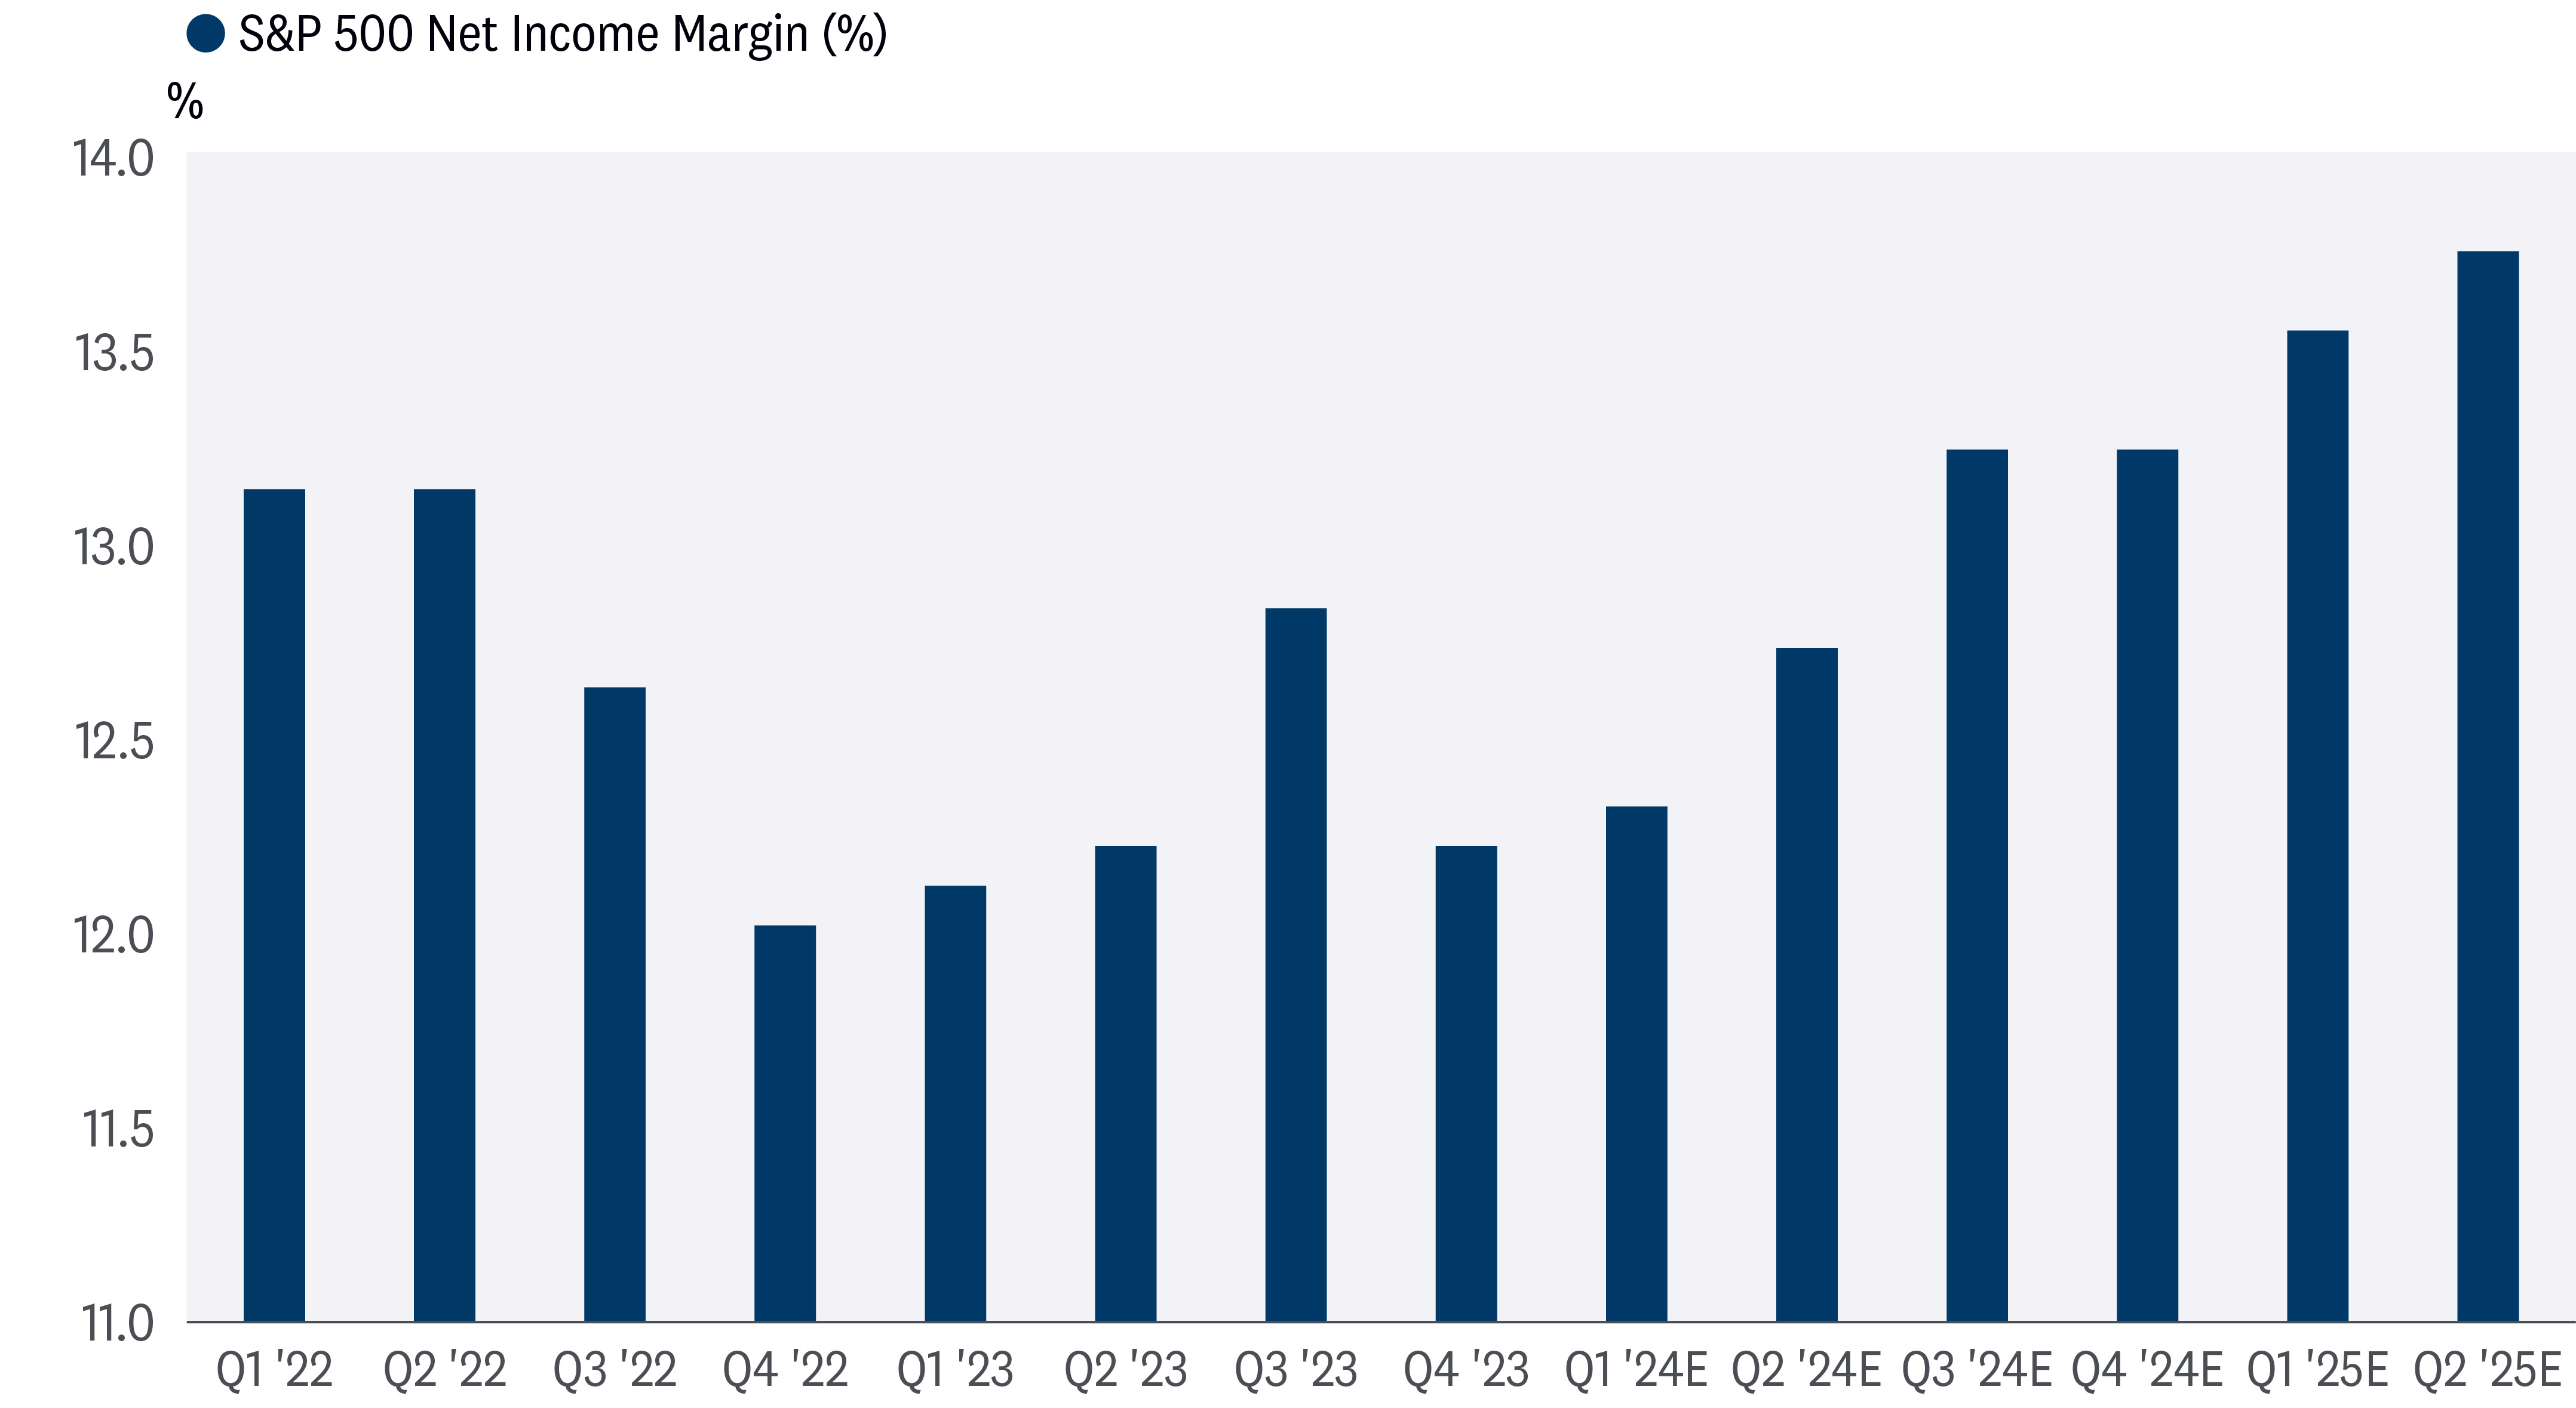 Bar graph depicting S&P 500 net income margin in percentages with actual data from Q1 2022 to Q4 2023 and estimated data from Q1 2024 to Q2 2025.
==
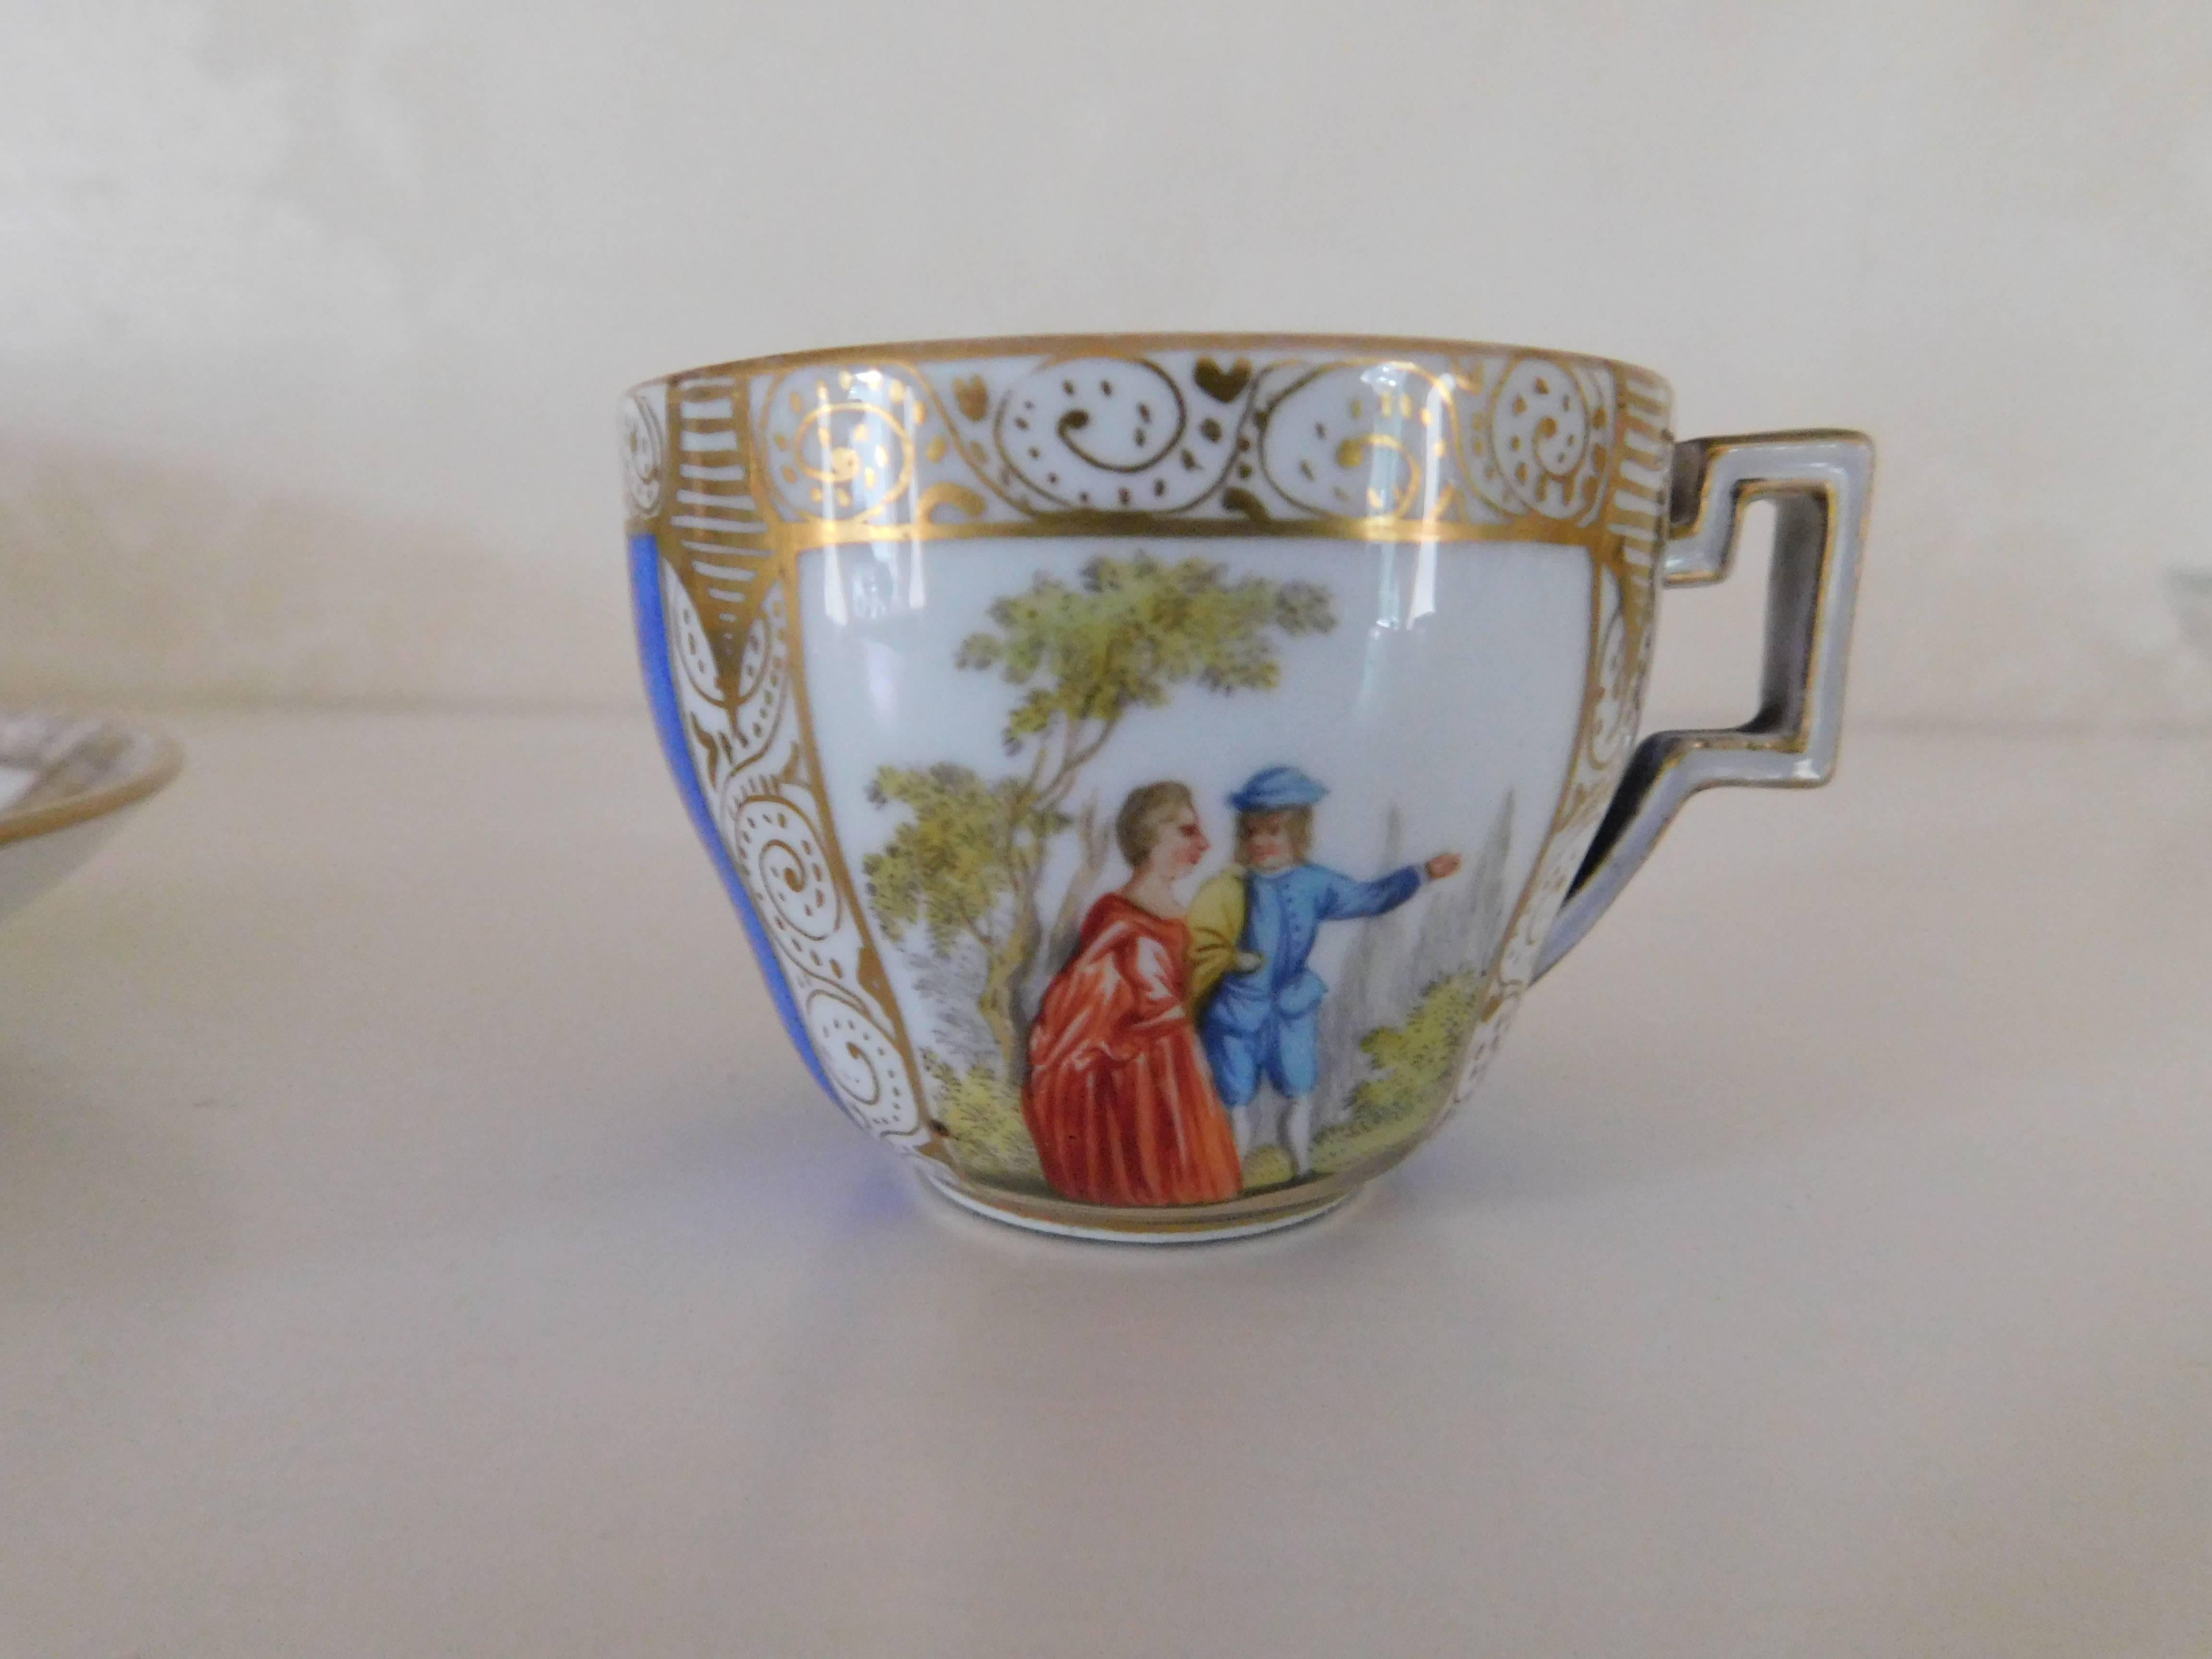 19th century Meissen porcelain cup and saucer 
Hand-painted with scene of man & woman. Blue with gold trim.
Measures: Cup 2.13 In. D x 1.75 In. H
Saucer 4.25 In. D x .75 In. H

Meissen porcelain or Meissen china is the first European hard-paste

TASK BRIEF: Reproduce word for word, with pictures dropped, only the part of the material above that opens with the line containing "19th century Meissen" and closes with the line containing "Meissen porcelain or".

ANSWER SPACE:
 19th century Meissen porcelain cup and saucer 
Hand-painted with scene of man & woman. Blue with gold trim.
Measures: Cup 2.13 In. D x 1.75 In. H
Saucer 4.25 In. D x .75 In. H

Meissen porcelain or Meissen china is the first European hard-paste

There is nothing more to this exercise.